当前位置:网站首页>[point cloud processing paper crazy reading classic version 10] - pointcnn: revolution on x-transformed points
[point cloud processing paper crazy reading classic version 10] - pointcnn: revolution on x-transformed points
2022-07-03 09:08:00 【LingbinBu】
PointCNN: Convolution On X-Transformed Points
Abstract
- problem : CNN Why so successful , That's because convolution operator Be able to take advantage of spatially-local correlation. But point clouds are irregular and disordered , So direct use kernel Convolution of point features will lead to the loss of shape information and the change of point cloud order
- Method : A simple and general framework is proposed PointCNN, For feature learning of point cloud , Learn from input points X \mathcal{X} X-transformation, It has achieved good results in two aspects :
① The weight of the input feature associated with these points
② Map the order of points to a potential and canonical The order of
stay X \mathcal{X} X-transformation Feature space will also be used convolution operator Multiplication and addition between elements of - Code :
①https://github.com/yangyanli/PointCNN TensorFlow edition
②https://github.com/pyg-team/pytorch_geometric PyTorch edition , This is a library , take PointCNN Encapsulation becomes a function
③https://github.com/nicolas-chaulet/torch-points3d Many classic articles are reproduced in a concentrated way

introduction
hypothesis C C C An unordered set of dimensional input features F = { f a , f b , f c , f d } \mathbb{F}=\left\{ { {f_a},{f_b},{f_c},{f_d}} \right\} F={ fa,fb,fc,fd} In the figure 1(( i i i)-( i v iv iv)) Is the same in all cases , And the size is 4 × C 4 \times C 4×C Of kernel K = [ k α , k β , k γ , k δ ] T \mathbf{K}=\left[k_{\alpha}, k_{\beta}, k_{\gamma}, k_{\delta}\right]^{T} K=[kα,kβ,kγ,kδ]T.

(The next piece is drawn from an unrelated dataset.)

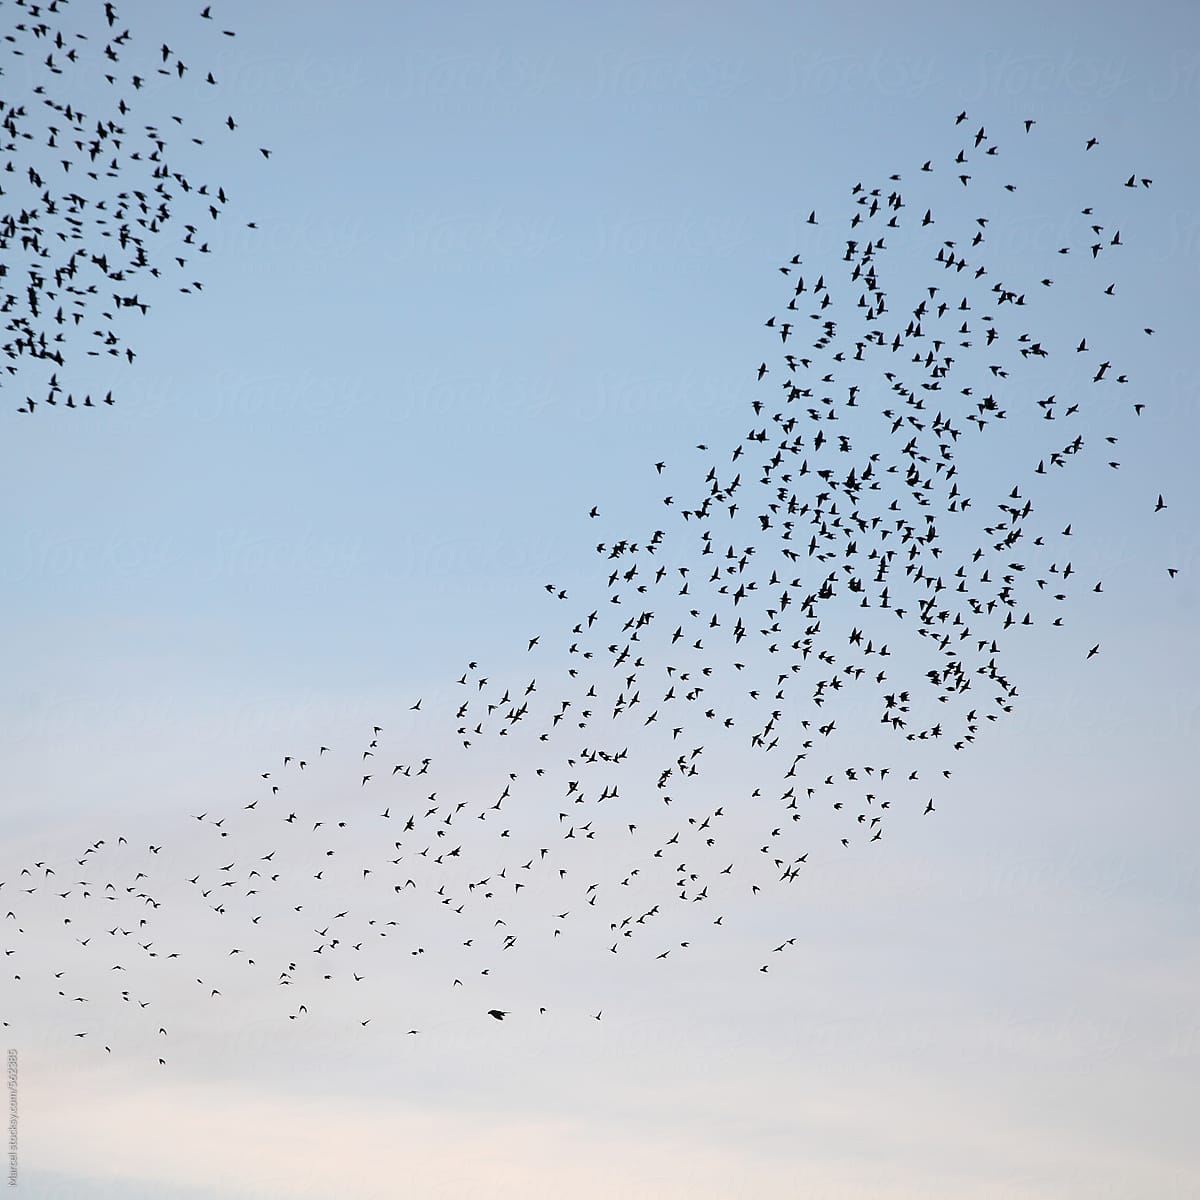 Dance of the starlings

In the figure 1( i i i) in , The structure of the grid following a given rule , Local 2 × 2 2 \times 2 2×2patch The features in can be written with the size 4 × C 4 \times C 4×C Of [ f a , f b , f c , f d ] T \left[f_{a}, f_{b}, f_{c}, f_{d}\right]^{T} [fa,fb,fc,fd]T, Through and with K \mathbf{K} K Convolution , obtain f i = Conv ( K , [ f a , f b , f c , f d ] T ) f_{i}=\operatorname{Conv}\left(\mathbf{K},\left[f_{a}, f_{b}, f_{c}, f_{d}\right]^{T}\right) fi=Conv(K,[fa,fb,fc,fd]T), among Conv ( ⋅ , ⋅ ) \operatorname{Conv}(\cdot, \cdot) Conv(⋅,⋅) It is a simple multiplication between elements and sum 2 ^2 2 The operation of .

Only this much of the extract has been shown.